I'll go the opposite route and say the trio leaving is a good sign. I quit watching the show because of them. They were always stuck with a really, really lame myth and the scripting was terrible. They always felt like a waste of time. I'd love to see the show get back to its roots.


----------



## eddyj (Jun 20, 2002)

While I like the trio, I also think they were better as a supporting cast, and not as co-protagonists, as they have been lately. I will miss them, but I was missing having more science and details instead of trying to cram everything in, as had been happening.


----------



## kdelande (Dec 17, 2001)

My money's on cost-cutting given how long this show's been around and the ever increasing scope of the myths they've tackled over the years. Everyone's salaries would have been going up so now you have two instead of 5 to worry about.

I think "getting back to our roots" is just smoke to cover the cost cutting reason.


----------



## Big Deficit (Jul 8, 2003)

Possibly cost saving for an older show that has diminishing ratings or just lack of growth? They started off with mythterns that interacted with hosts, then it morphed into a dual show with almost no interaction between the two sets of hosts. I almost always greatly preferred the Adam/Jamie segments in the dual show format. Maybe they'll go back to having mythterns again? Kari was the most personable of the 3 departing and should have the greatest post Mythbusters success, followed by Tori and for Grant? Maybe they'll bring back Battlebots?


----------



## TriBruin (Dec 10, 2003)

I think this has to have been a very recent decision (less than a month or so?) Kari, Tory, and Grant were even at the Creative Emmy's last weekend representing Mythbusters (Adam and Jamie are in Australia, I believe, doing their Mythbuster's Live tour.)

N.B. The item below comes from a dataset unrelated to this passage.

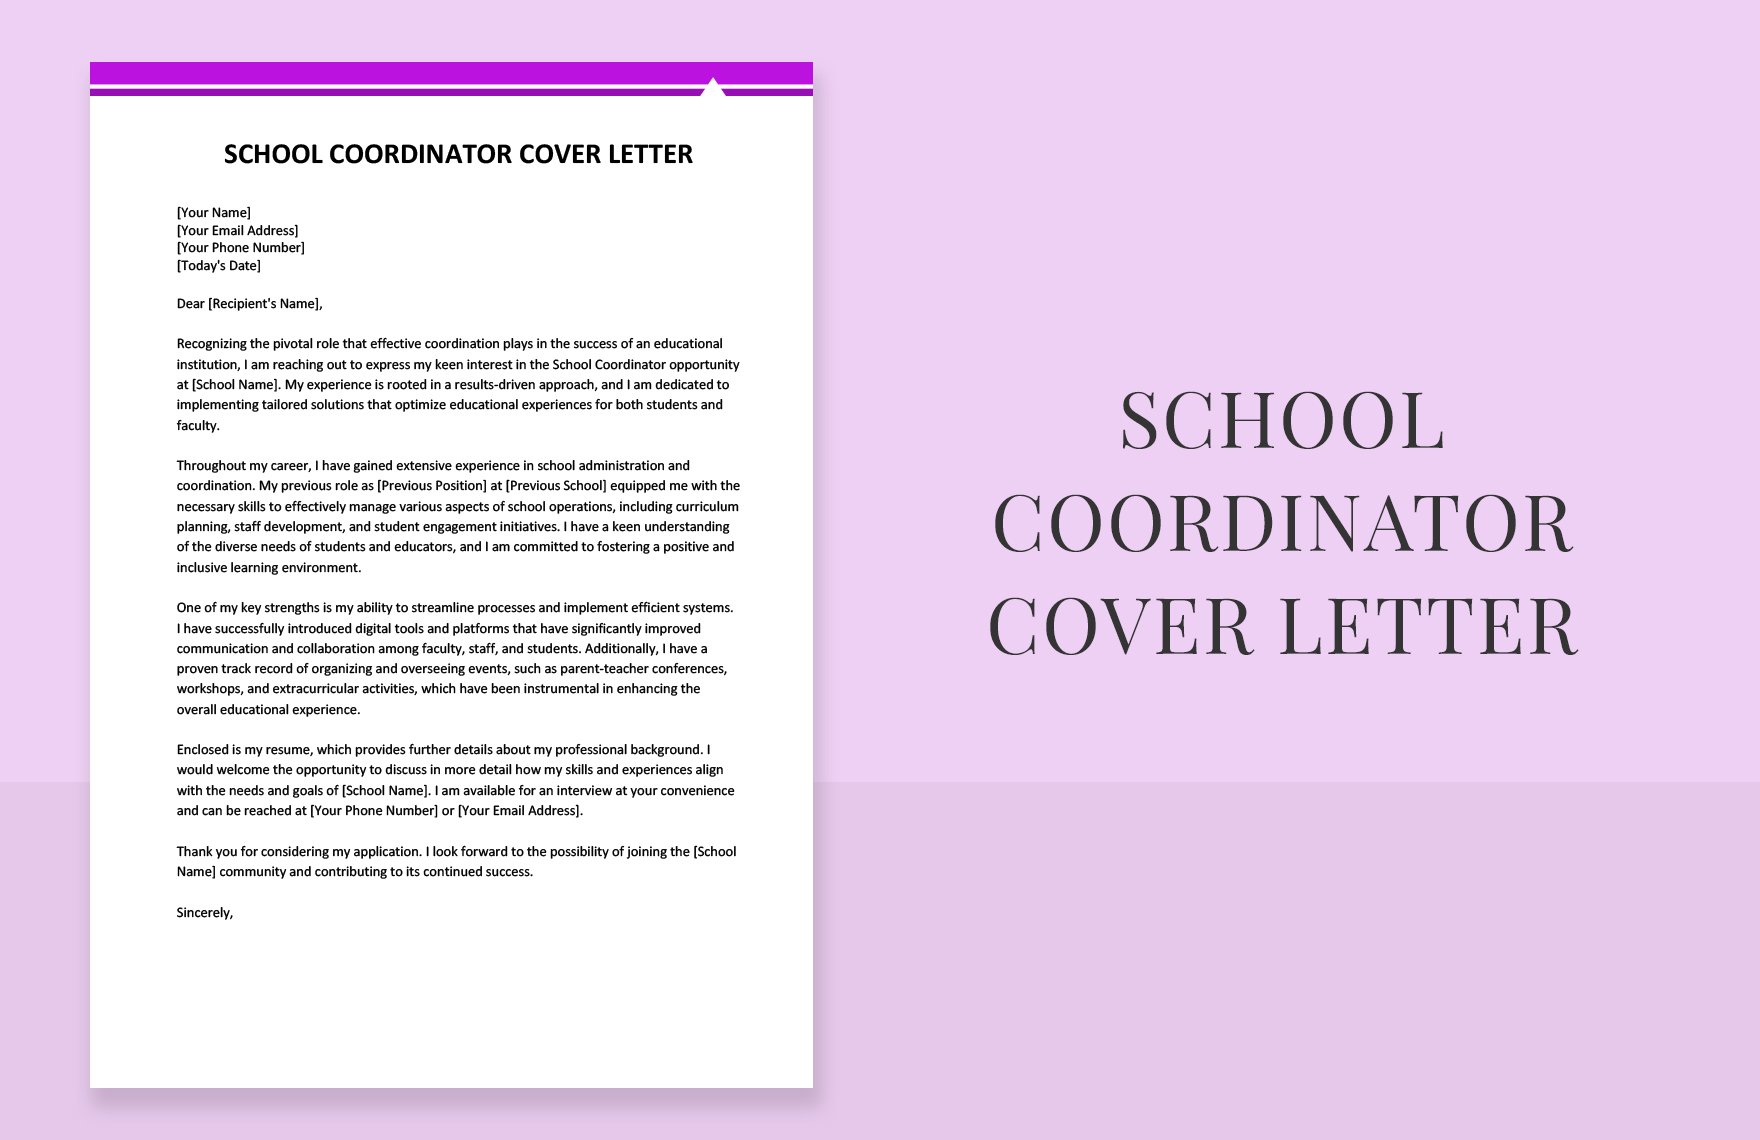 School Coordinator Cover Letter in Word, Google Docs

I think there is more than one factor here, but I am guess money is the primary driver.


----------



## Frylock (Feb 13, 2002)

I personally am glad they are gone. Their myths (and acting) were both terrible. Lately their myths just revolve around reasons to blow up something. The show has always had terrible science, but at least it was somewhat focused on testing. Lately it's just been focused on blowing stuff up.

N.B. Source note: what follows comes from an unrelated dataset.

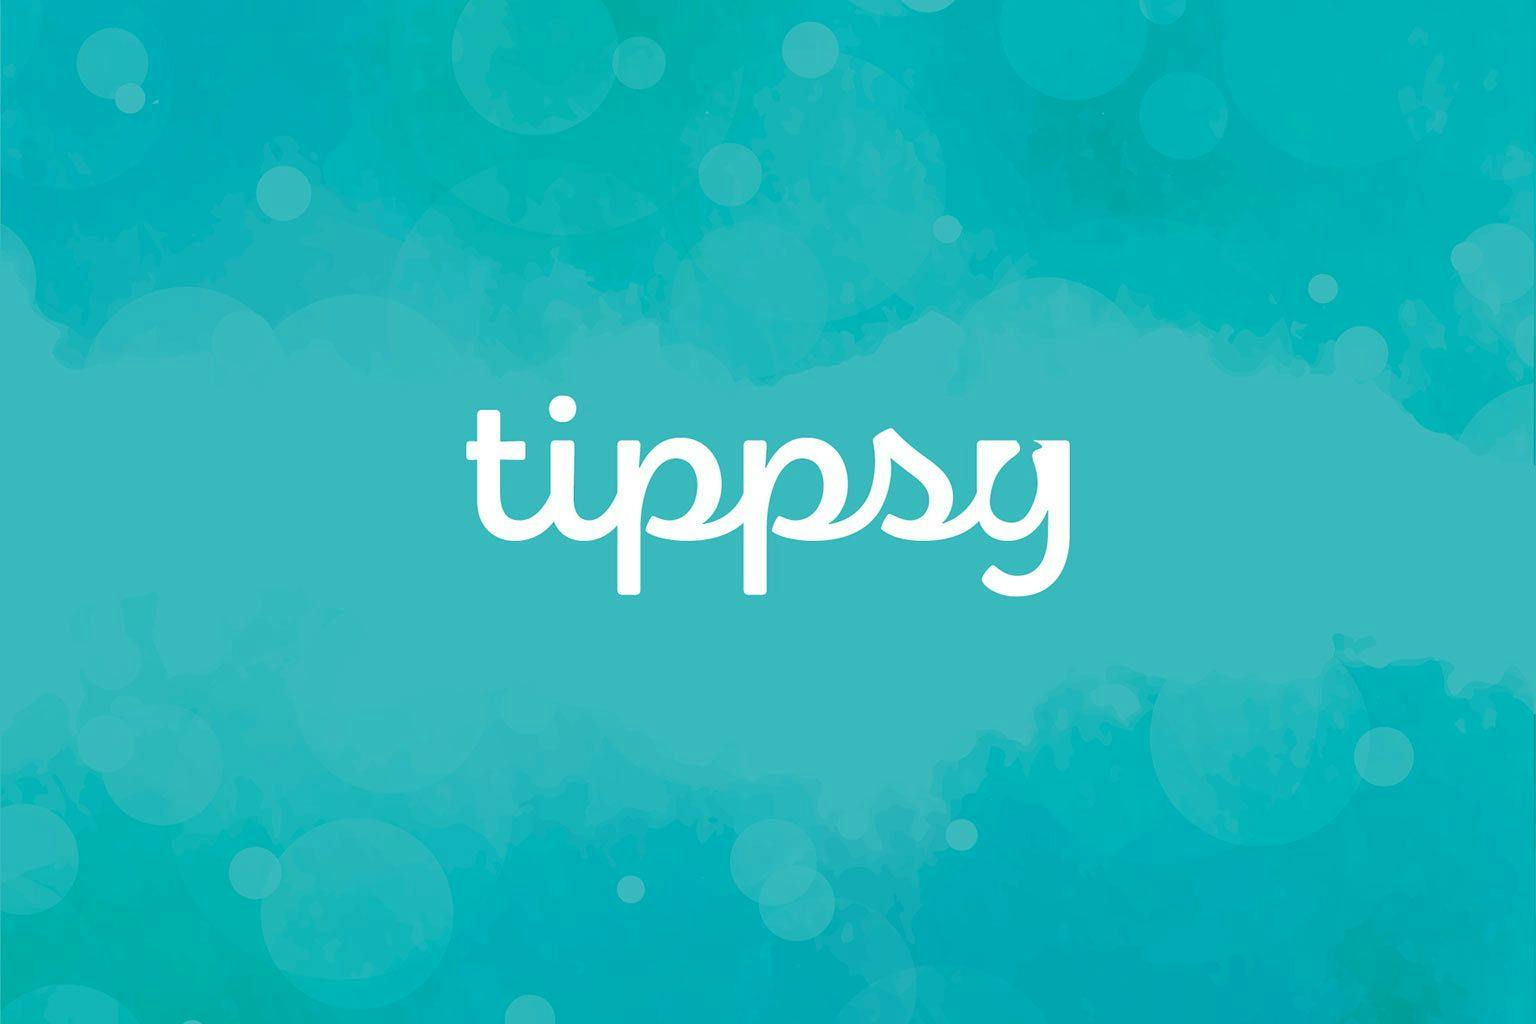 Tippsy logo.

I miss the original show, before they ever joined. If it went back to that, all the better.


----------



## alansh (Jan 3, 2003)

Money is my guess, too.

The main reason for bringing them in was that Jamie and Adam were getting overworked shooting enough material for the entire episode. Expect to see fewer new episodes, lots of padding, or both.


----------



## scooterboy (Mar 27, 2001)

Worf said:


> Wow, it'll take forever for Mythbusters to show up here... wonder if I can Hulu it.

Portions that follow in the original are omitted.